In addition to there being overwhelming direct evidence of an intent to defraud, the record shows sufficient "badges of fraud" to create an inference of actual fraud. Because it is difficult to obtain direct evidence of fraudulent intent, the courts sometime look for a confluence of badges of fraud from which to infer actual fraud. See In re Addison, 540 F.3d 805, 811 (8th Cir. 2008); see also In re Gaven, 936 F.2d 378, 383 (8th Cir. 1991). "Once a trustee establishes a confluence of several badges of fraud, the trustee is entitled to a presumption of fraudulent intent.... In such cases, the burden shifts to the transferee to prove some legitimate supervening purpose' for the transfers at issue.'" Kelly v. Armstrong, 141 F.3d 799, 802 (8th Cir. 1998) (quoting In re Acequia, 34 F.3d 800, 806 (9th Cir. 1994)).

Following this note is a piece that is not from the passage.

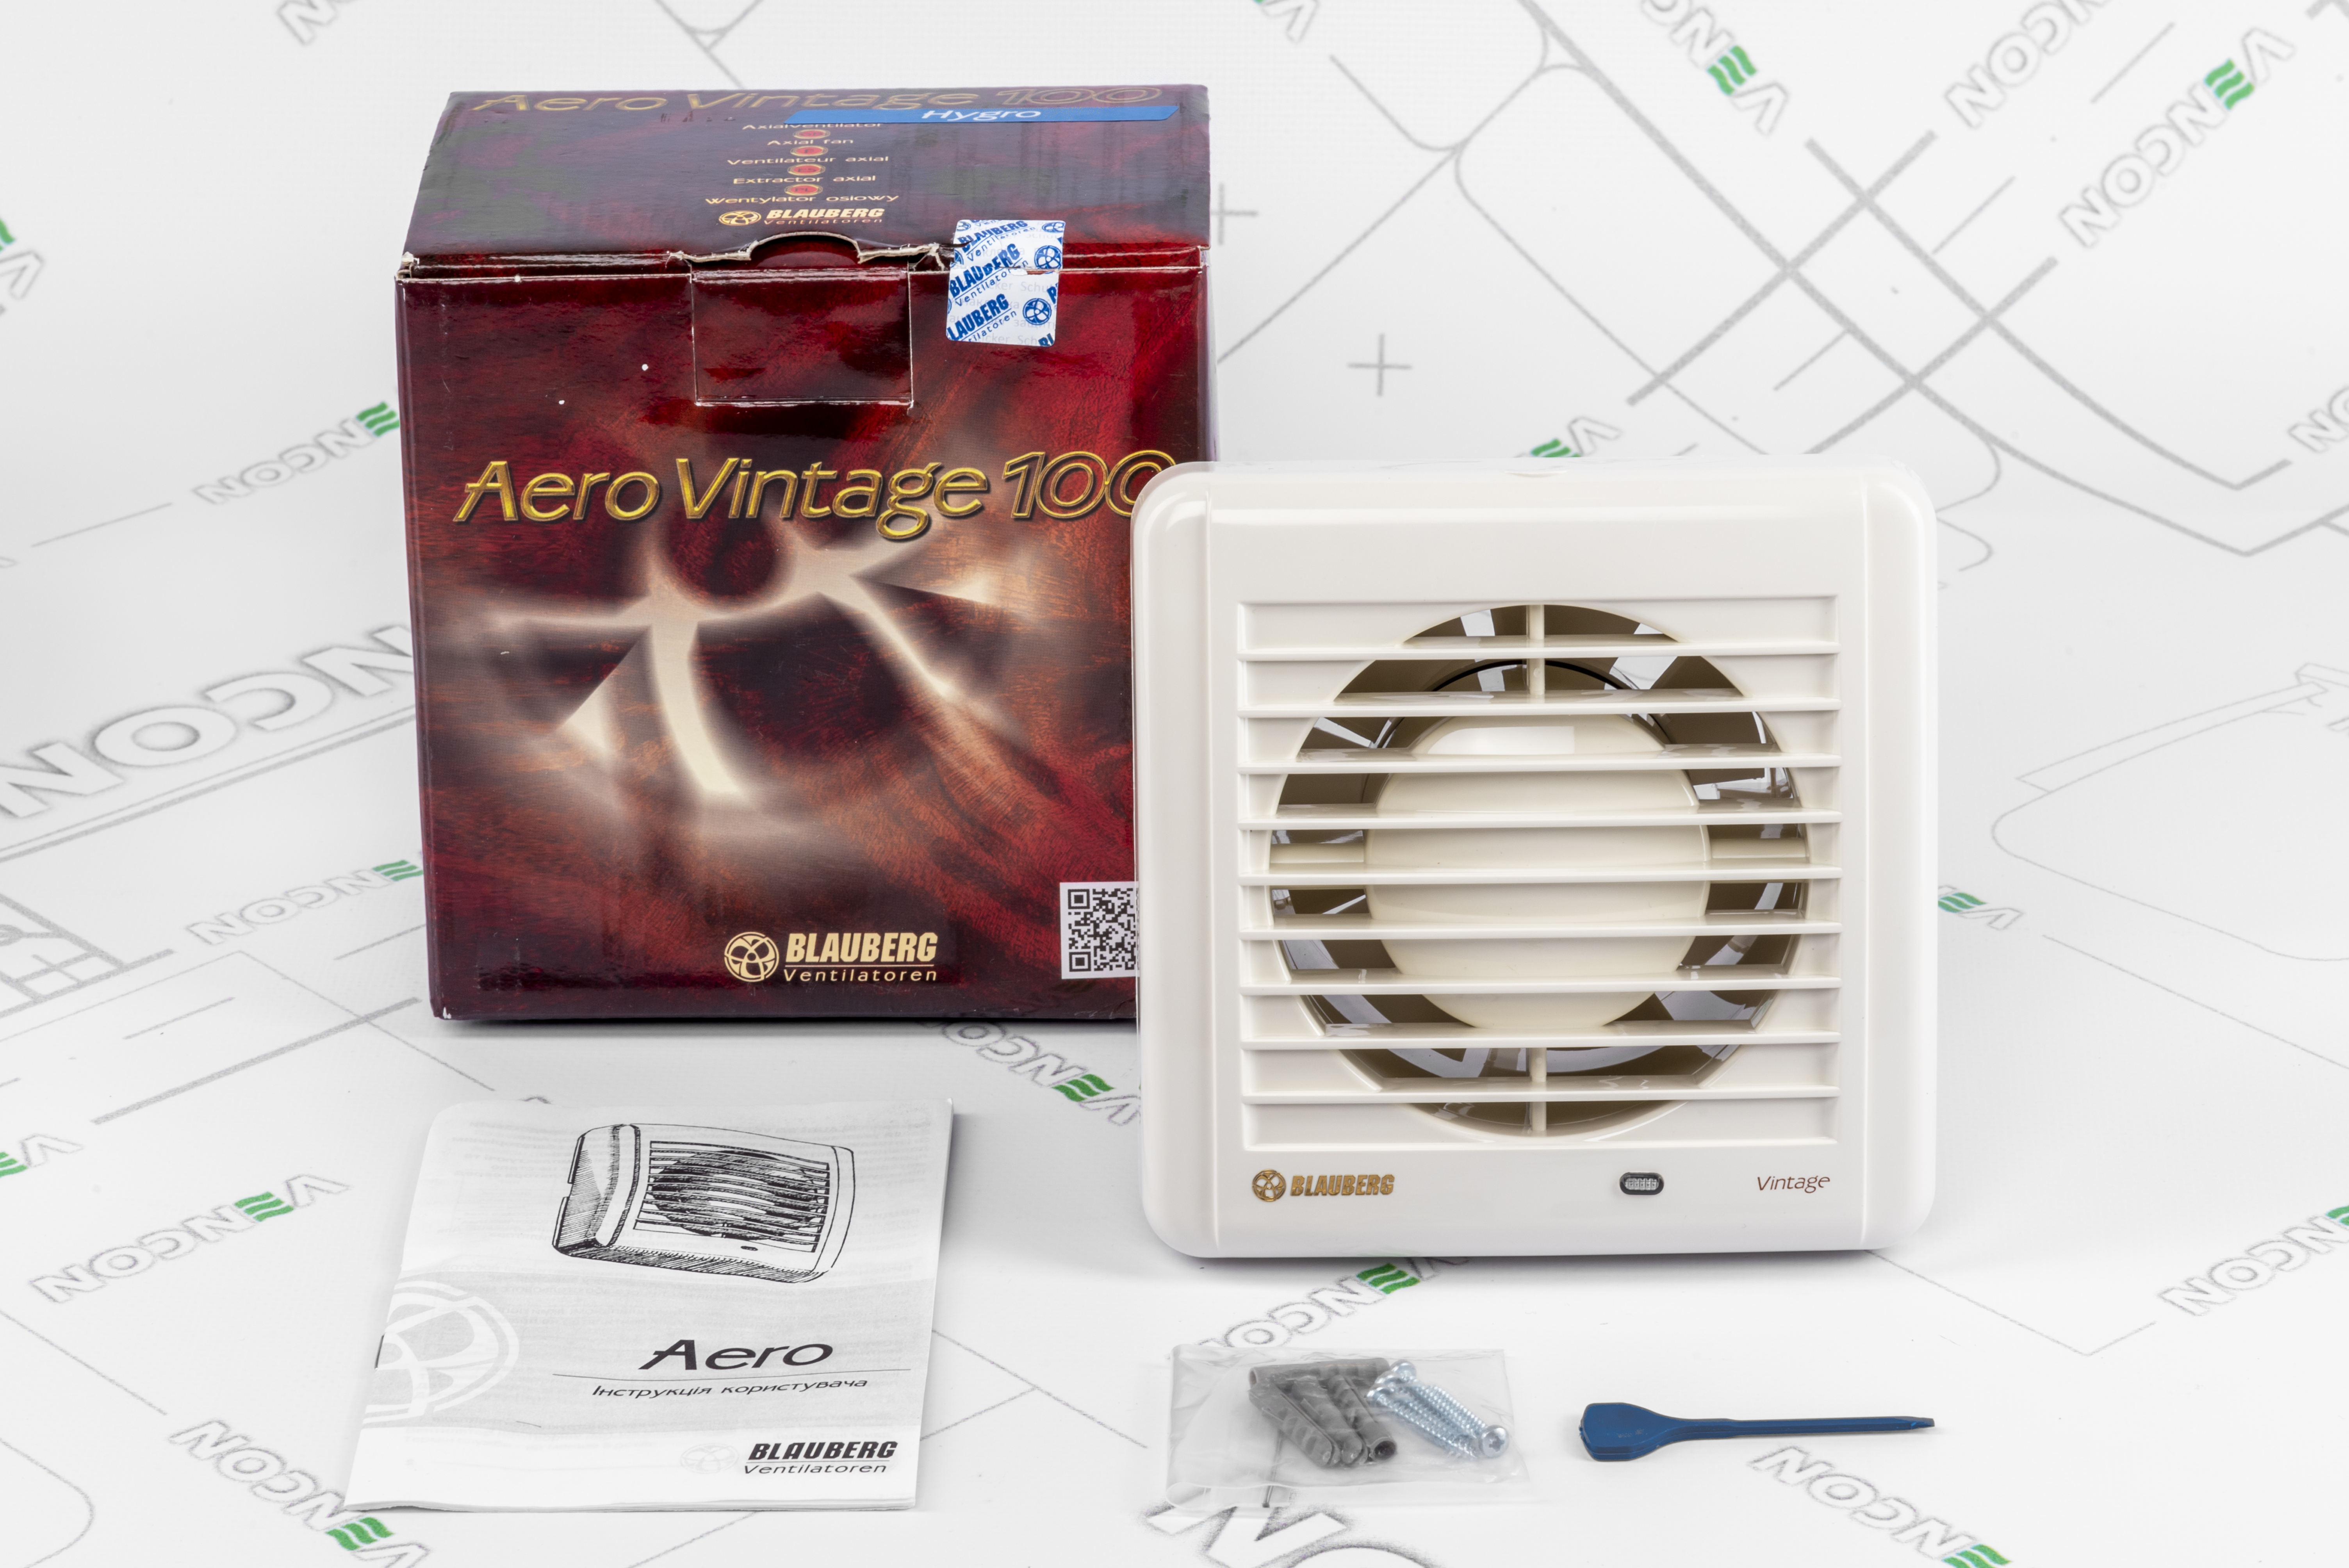 Витяжний вентилятор Blauberg Aero Vintage 100 H характеристики - фотографія 7

A recognized badge of fraud is a transfer to an insider. Bruce Cole, as Mamtek's Chief Executive Officer, was an insider, as was his wife, Nanette Cole. See 11 U.S.C. § 101(31) ("insider" includes corporate officers and their relatives).

Another badge is inadequate consideration for the transfer. The invoice submitted by the debtor was for specific services performed by Ramwell, but Ramwell never performed any services and in fact did not exist, and no funds were ever paid to Ramwell. The transfers were therefore for inadequate consideration.

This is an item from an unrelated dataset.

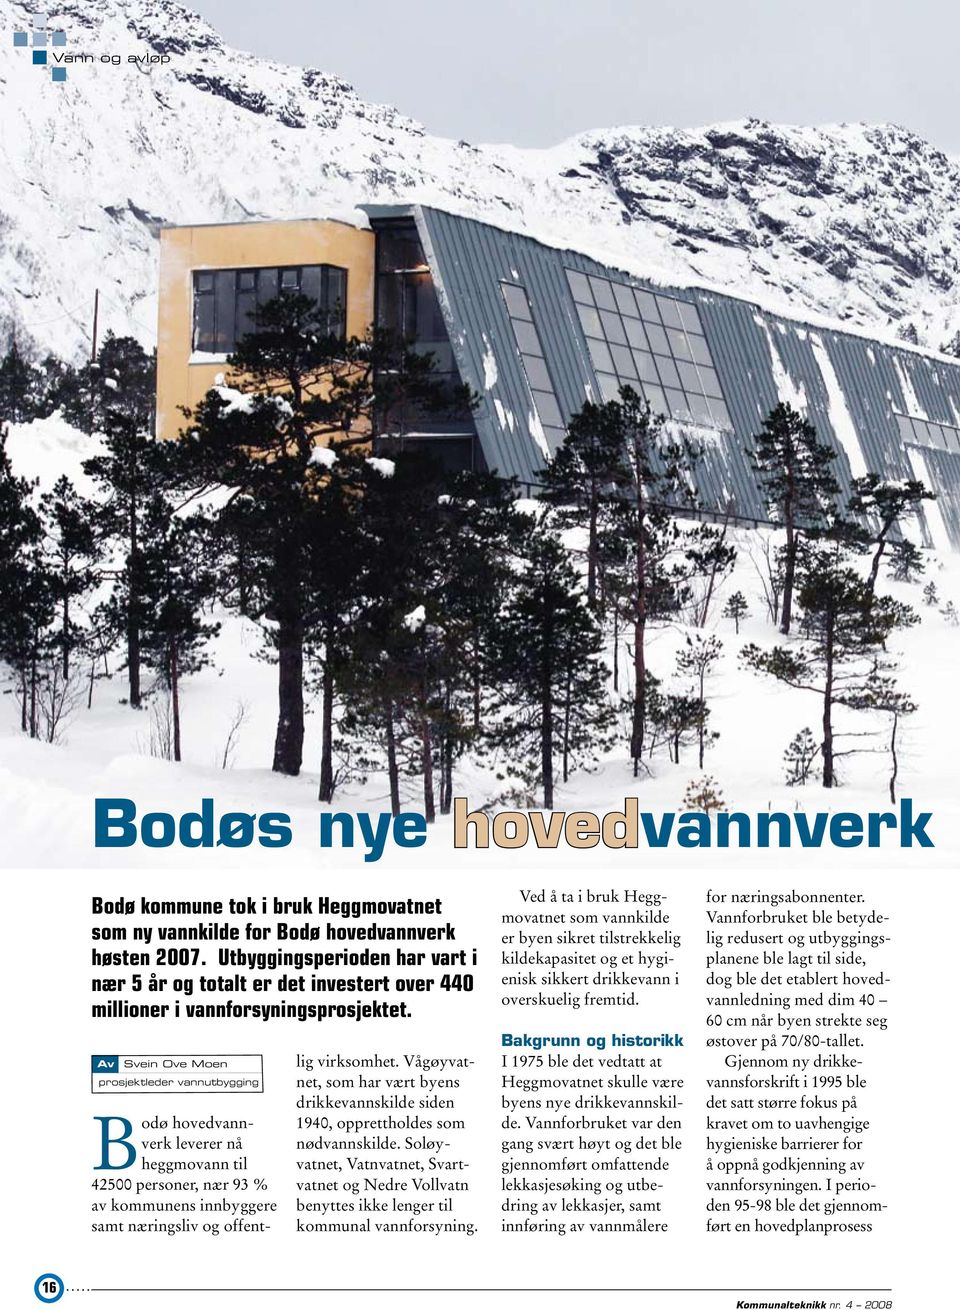 Av Svein Ove Moen prosjektleder vannutbygging Bodø hovedvannverk leverer nå heggmovann til 42500 personer, nær 93 % av kommunens innbyggere samt næringsliv og offentlig virksomhet.

Finally, insolvency of the transferor is a badge of fraud. Courts apply a "balance sheet test" to determine solvency under 11 USC §§ 547 and 548. In re Prime Realty, Inc., 380 B.R. 529, 534-37 (8th Cir. 2007). Under the balance sheet test "a debtor is insolvent if the sum of its debts is greater than all of its property, fairly valued." Jones Truck Lines, Inc. v. Full Service Leasing Corp., 83 F.3d 253, 258 (8th Cir. 1996). "Fair valuation is generally defined as the going concern or fair market price.... If... a company is on its deathbed, assets should be valued on a liquidation basis." In re Payless Cashways, Inc. 290 B.R. 689, 699 (Bankr. W.D. Mo. 2003) (internal quotations and citations omitted).

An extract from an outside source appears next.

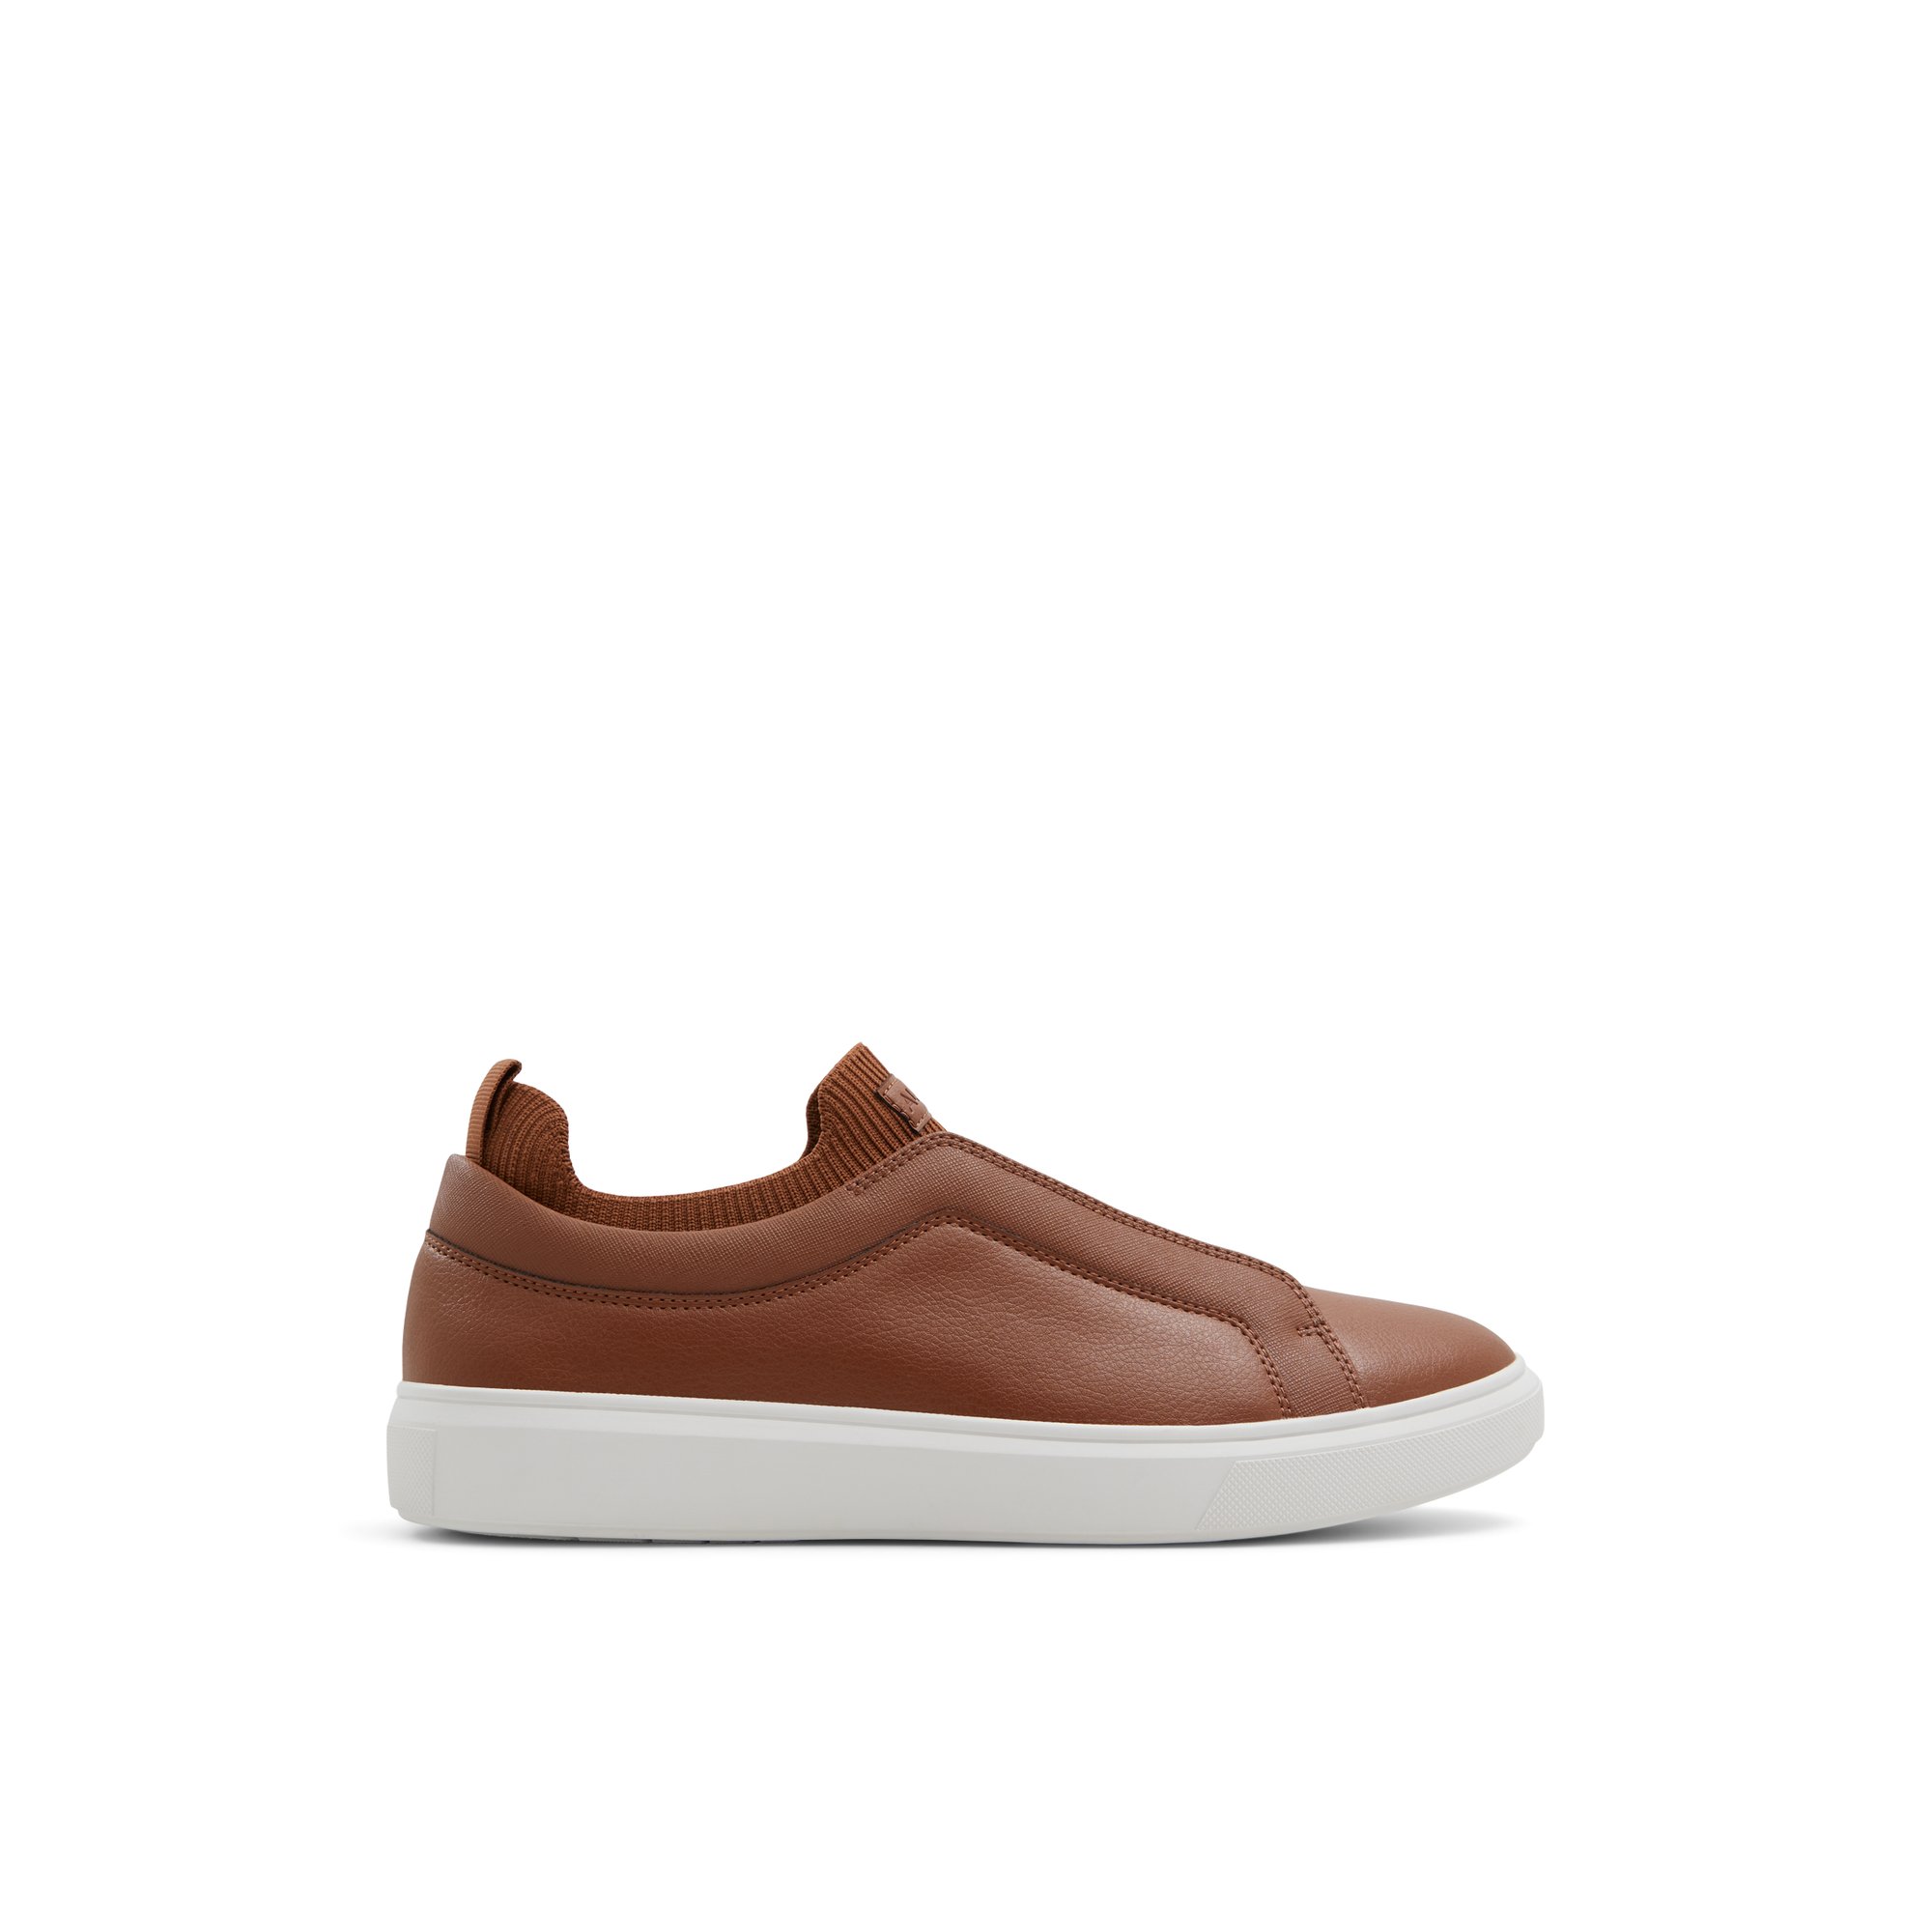 ALDO Midtown - Men's Sneakers Low Top - Brown

Mamtek never earned any income and was never a going concern. Mamtek at one time had assets totaling almost $37 million. Its liabilities totaled at least $110 million. The Coles did not challenge these figures in response to the motion for summary judgment below and do not do so now. [ See Doc. 19, p. 4.] Rather, they argue that the Bankruptcy Court should have considered the Pellegrino Report which, they claim, showed Mamtek had additional assets of approximately $52 million in value. There are numerous problems precluding admissibility of the Pellegrino Report and as discussed below, the Bankruptcy Court did not abuse its discretion in excluding it. But even adding $52 million in additional assets to what Mamtek had, its assets totaled no more than $89 million and its liabilities totaled at least $110 million. Mamtek was always insolvent.

The Coles also argue that at the time of the first draw request, they did not know Bruce Cole's $33 million estimate of the cost of construction for the manufacturing facility was too low, and therefore could not at the time have known Mamtek was insolvent. The undisputed facts demonstrate otherwise. According to the July 19, 2010 management agreement and budget that Bruce Cole signed on behalf of Mamtek, the $33 million for constructing the manufacturing facility itself represented only part of Mamtek's costs in connection with the project. His budget reflected that the project would cost almost $110 million in total, well in excess of any projection of the company's assets.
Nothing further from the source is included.